§ **Aim of the exercise**:
Each line from the one holding "Ore no Kanojo" to the last line of the listing must be set down exactly. No pictures are to be included.

== Data below ==

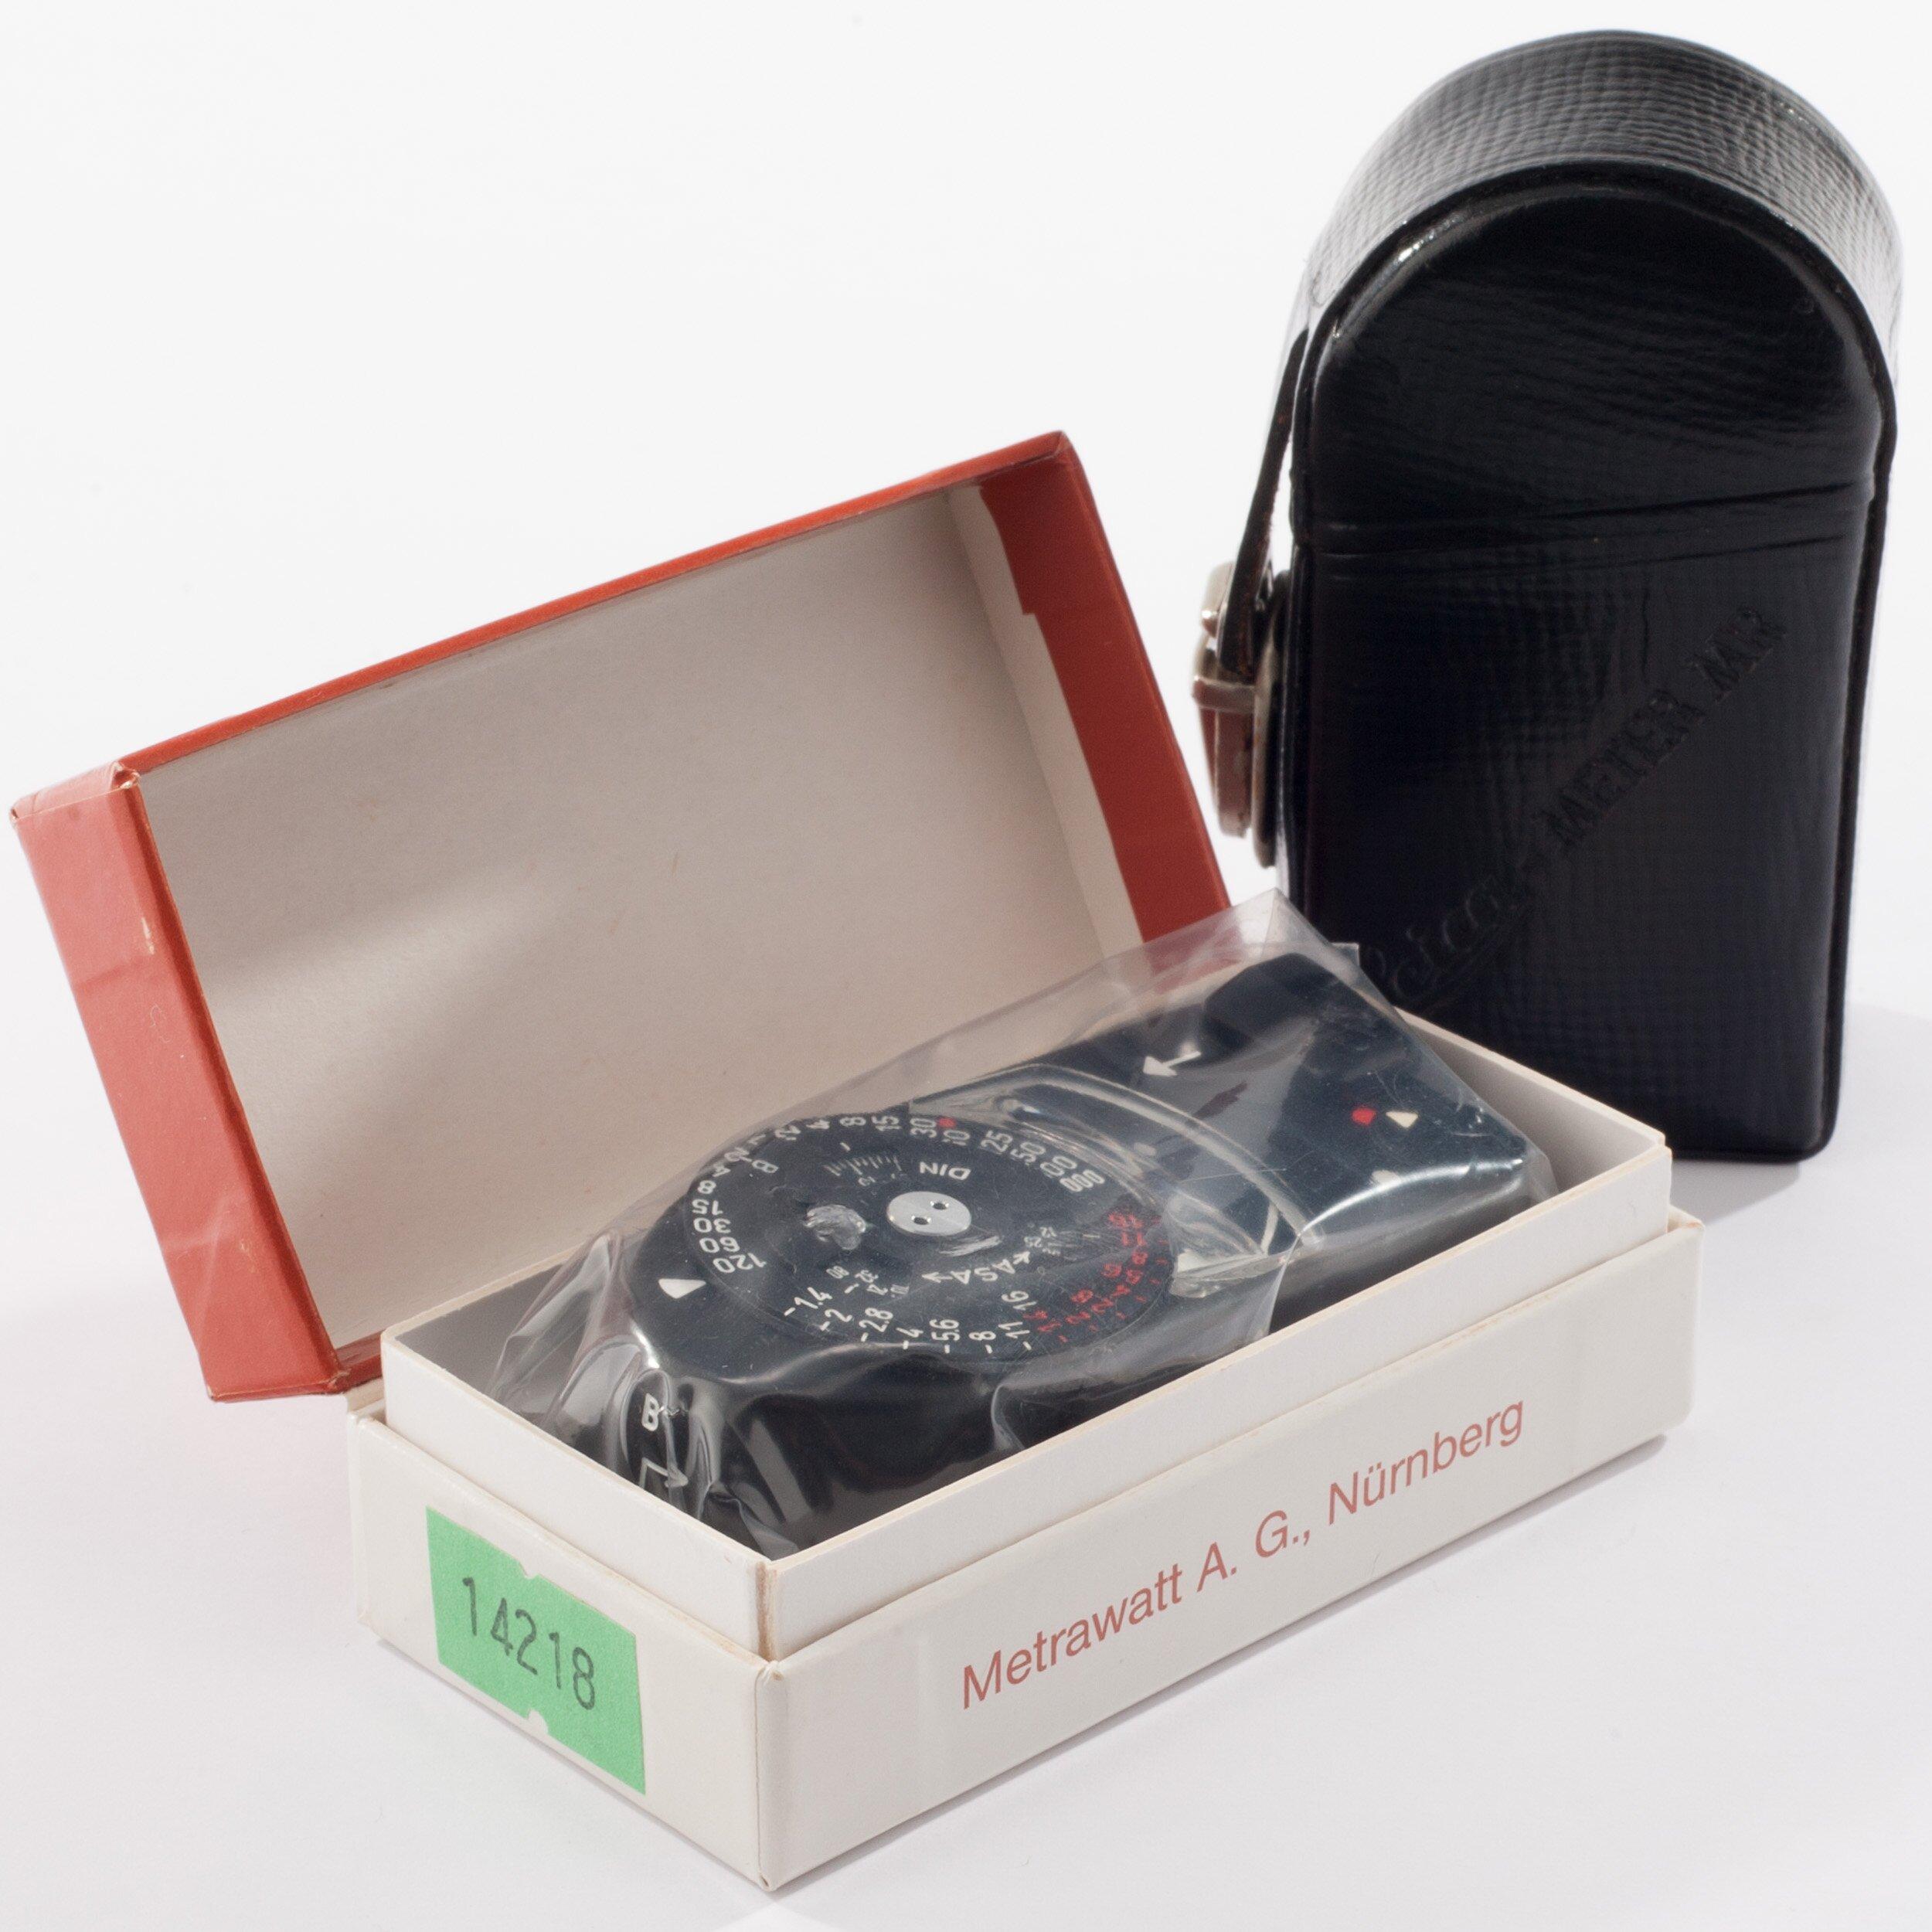 Leica Meter MR schwarz 14218 Neuware !
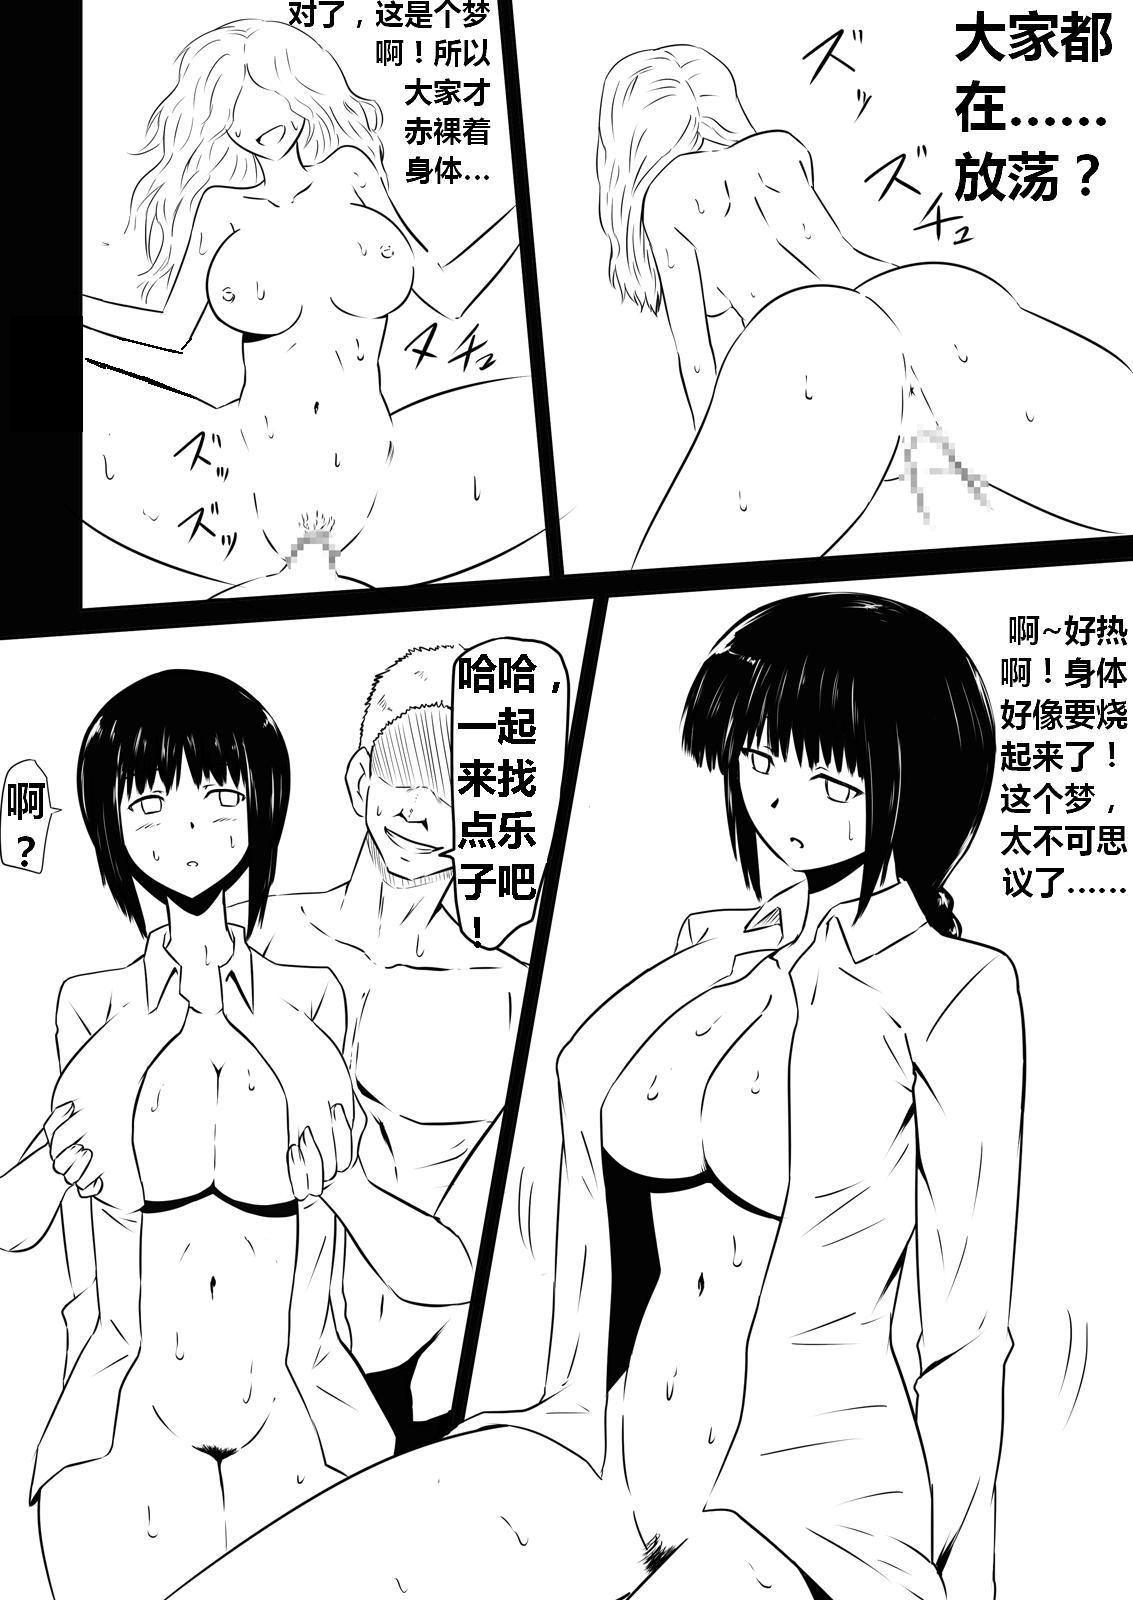 Ore no Kanojo ga Fuuzokujou ni Natta Riyuu | 女朋友下海拍片了 17
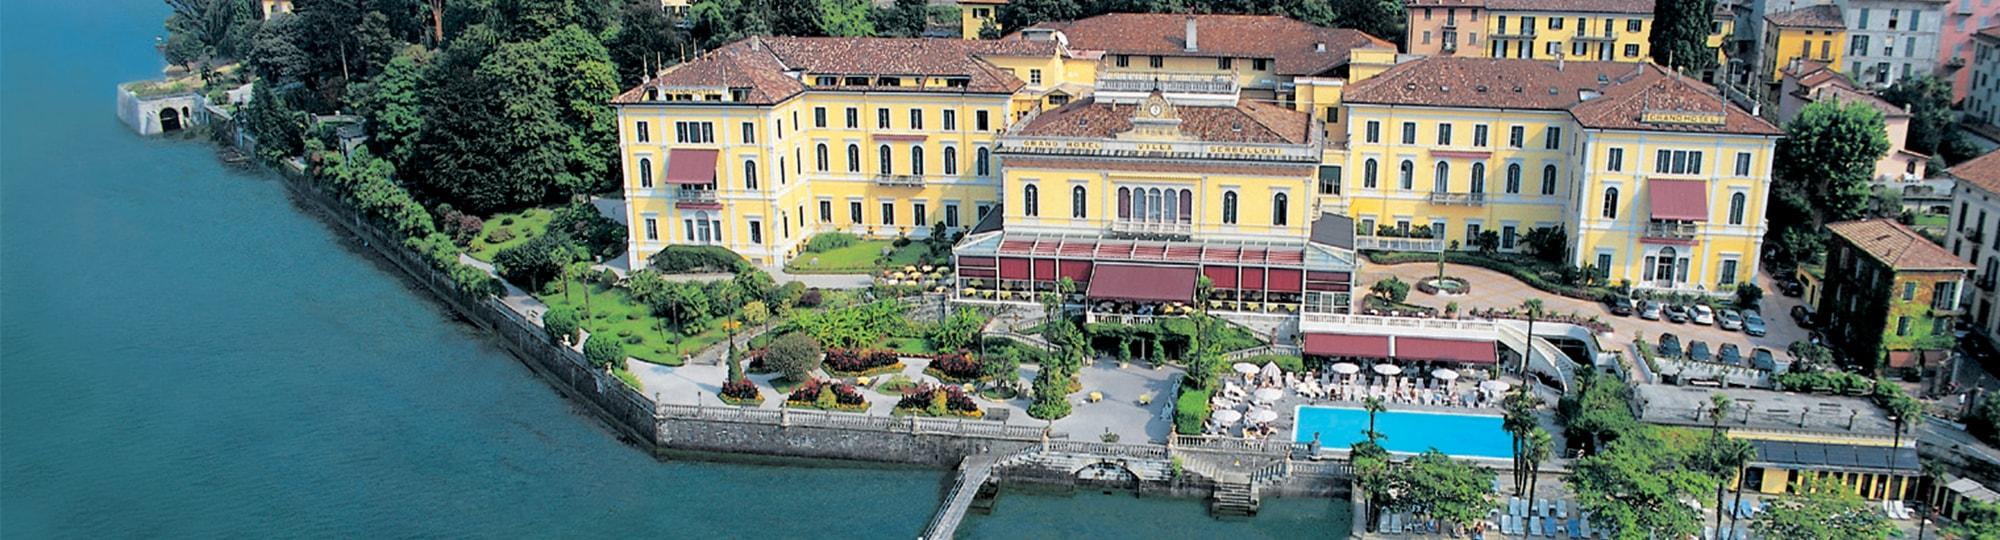 grand hotel villa serbelloni 5 hotel 5 toiles bellagio. Black Bedroom Furniture Sets. Home Design Ideas

===

§ **Result for this exercise**:
 Ore no Kanojo ga Fuuzokujou ni Natta Riyuu | 女朋友下海拍片了 17
 grand hotel villa serbelloni 5 hotel 5 toiles bellagio. Black Bedroom Furniture Sets. Home Design Ideas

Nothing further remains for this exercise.